The Story
Why it exists.
The beginning
The Parfums Intimes collection arrived in 2009, four fragrances inspired by the materials that made Victoria's Secret famous, cashmere, silk, satin, lace. Cashmere Vanilla Jasmine translated the softest of those fabrics into scent. Vanilla and jasmine are familiar territory, but cashmere wood was the twist, a material note that behaves more like a feeling than a fragrance.
Cashmere wood is the outlier here. It's a synthetic aromatic material designed to mimic the tactile sensation of the fabric, soft, slightly powdery, with a warmth that reads more like skin than wood. Pairing it with vanilla creates a base that's sweet without being sticky. Jasmine keeps it from sliding into pure comfort, a slight green-floral lift that prevents it from flattening out. The three don't compete. They layer.
The evolution
The opening is all vanilla and jasmine together, warm and bright, no sharp edges. The jasmine arrives quickly but never dominates. Within the first thirty minutes, the cashmere wood announces itself: a soft, powdery presence that makes the whole composition feel cushioned, like fabric against skin.

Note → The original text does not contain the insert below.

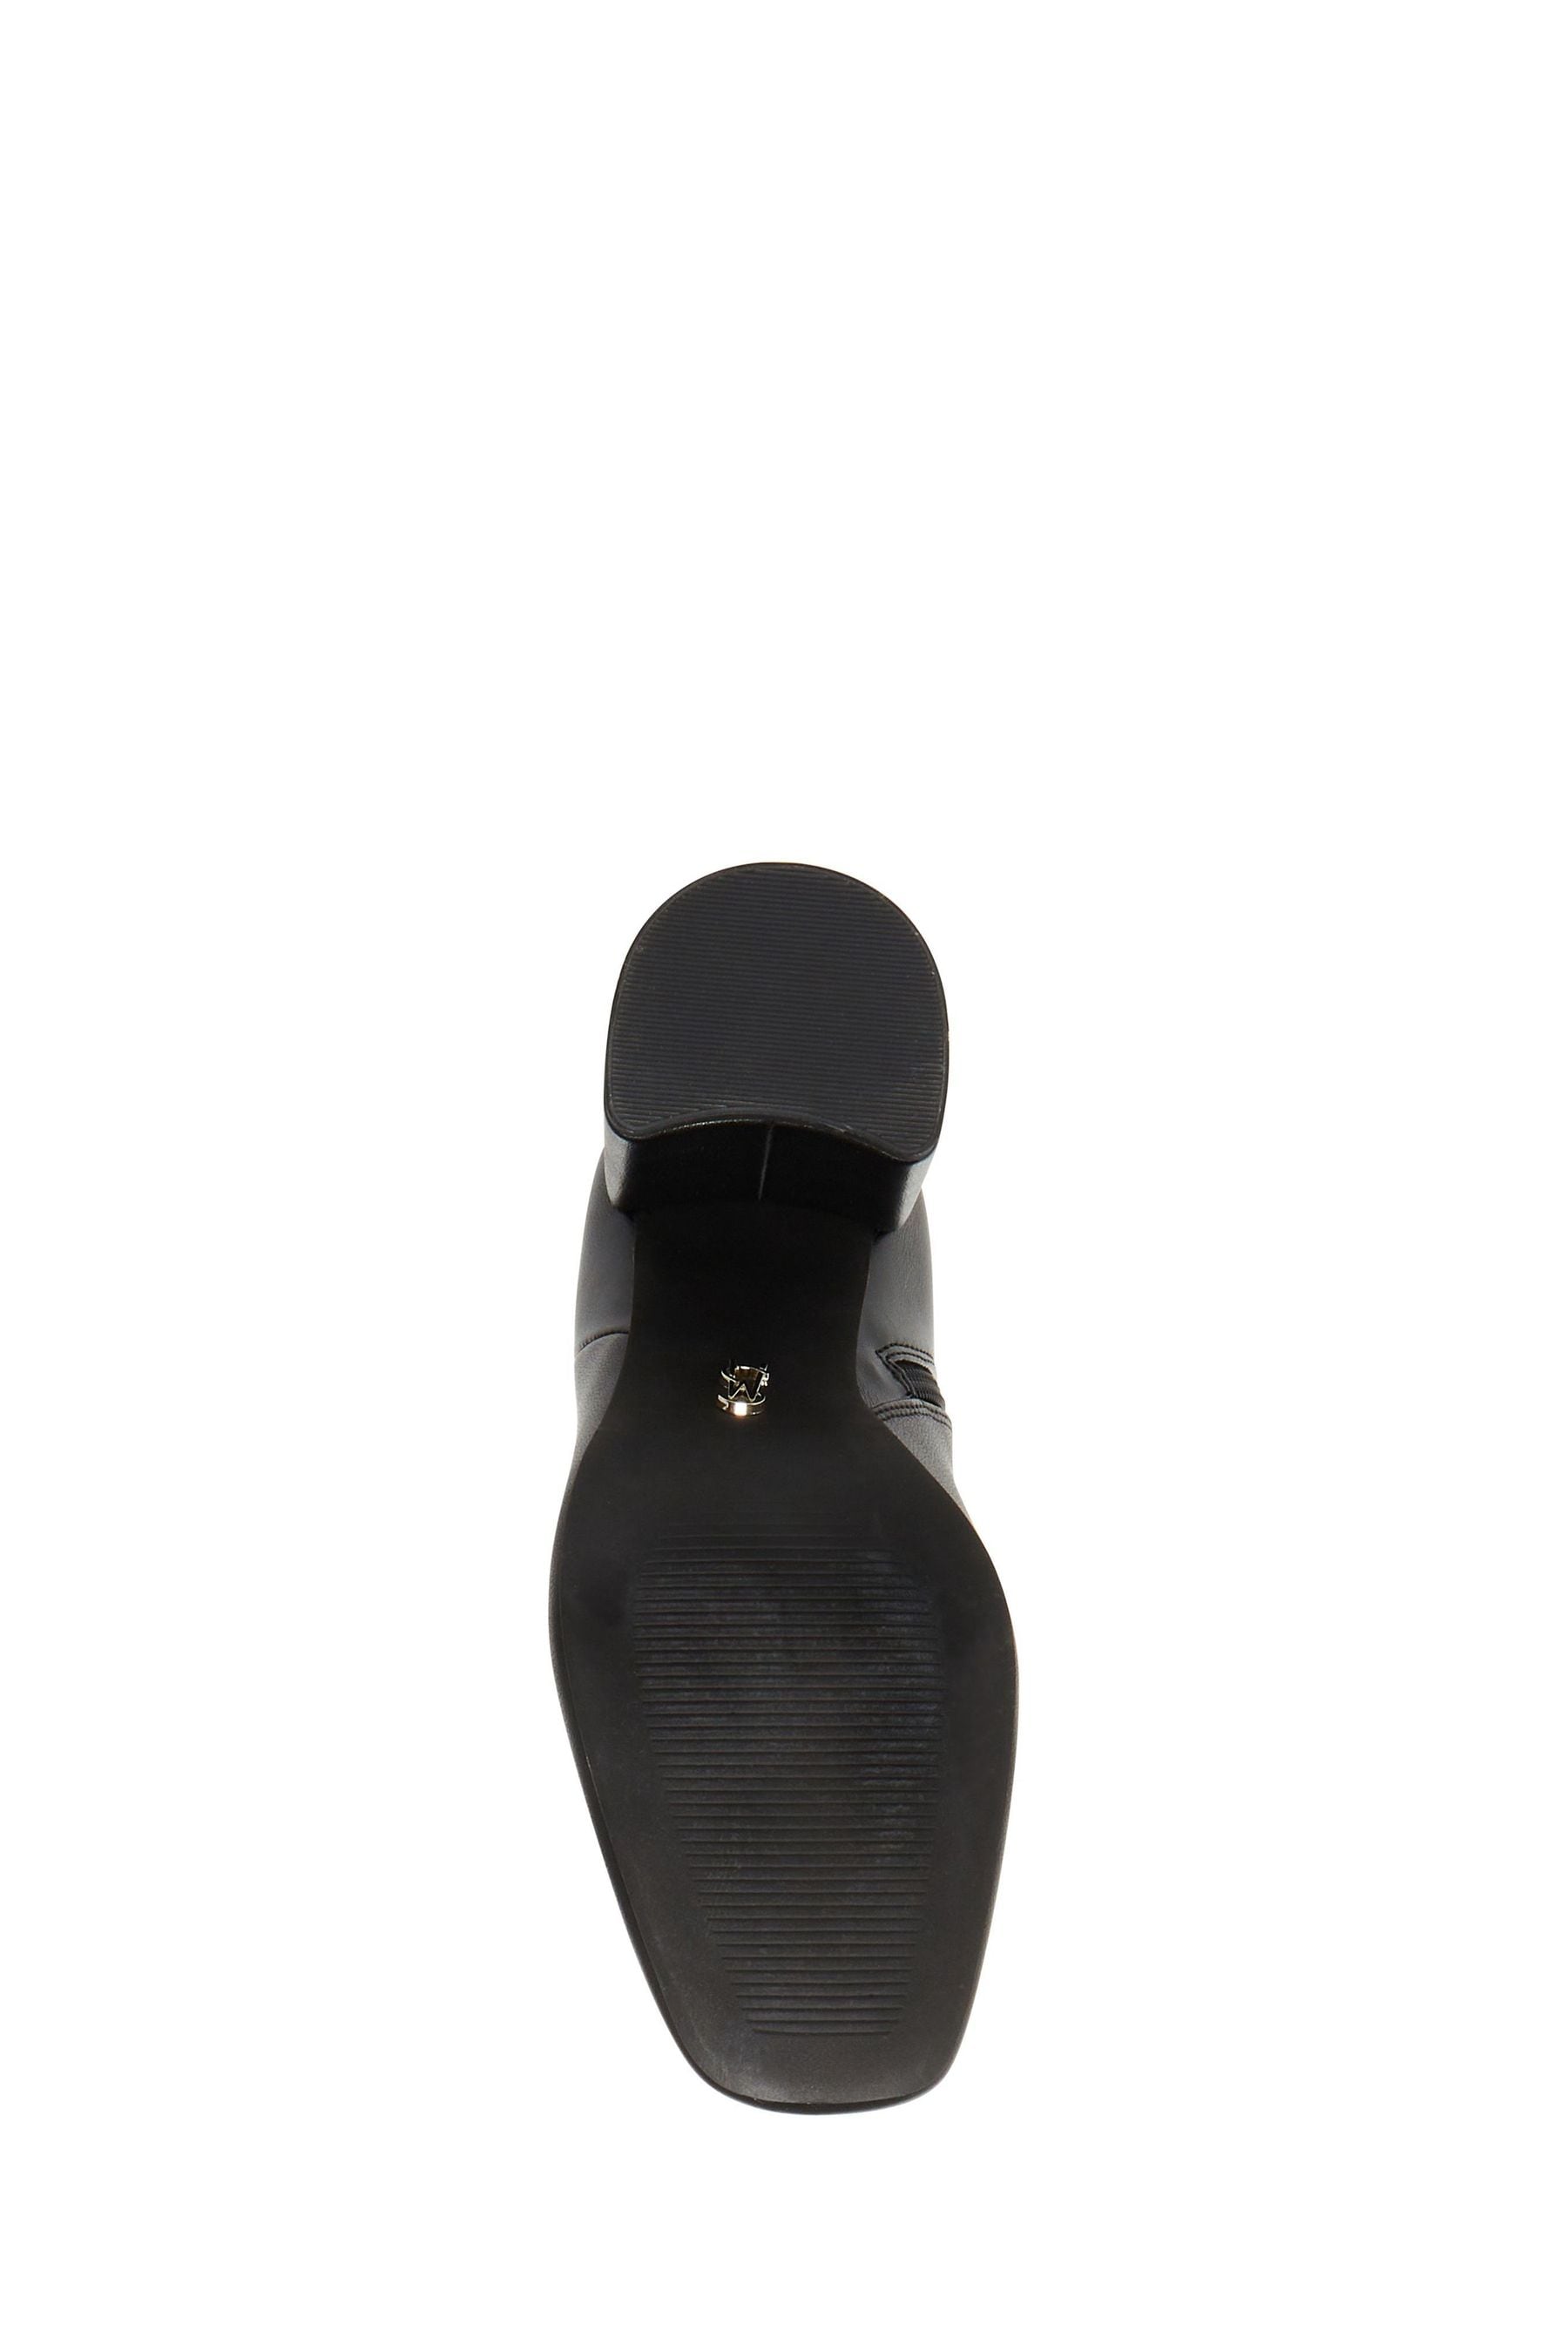 Buy Steve Madden Lizah Boot Black from the Next UK online shop

By hour two, the vanilla deepens. It becomes less sweet, more resinous, the kind of vanilla that remembers it came from a pod. The jasmine fades to a background whisper. What remains is warm, close, and quiet. At hour six or seven, on dry skin, it's a skin scent. Barely there. But on clothing, it lasts overnight. The cashmere wood seems to bond with fibers, the next morning, your sweater smells like the idea of comfort itself.
Cultural impact
Cashmere Vanilla Jasmine built a quiet cult following during its time on shelves. Its discontinuation in the early 2010s only intensified the devotion, the people still hunting it down are the same ones who wore it daily and never thought to explain why. It sits alongside Bare Vanilla as one of the most-requested discontinued scents in the brand's history.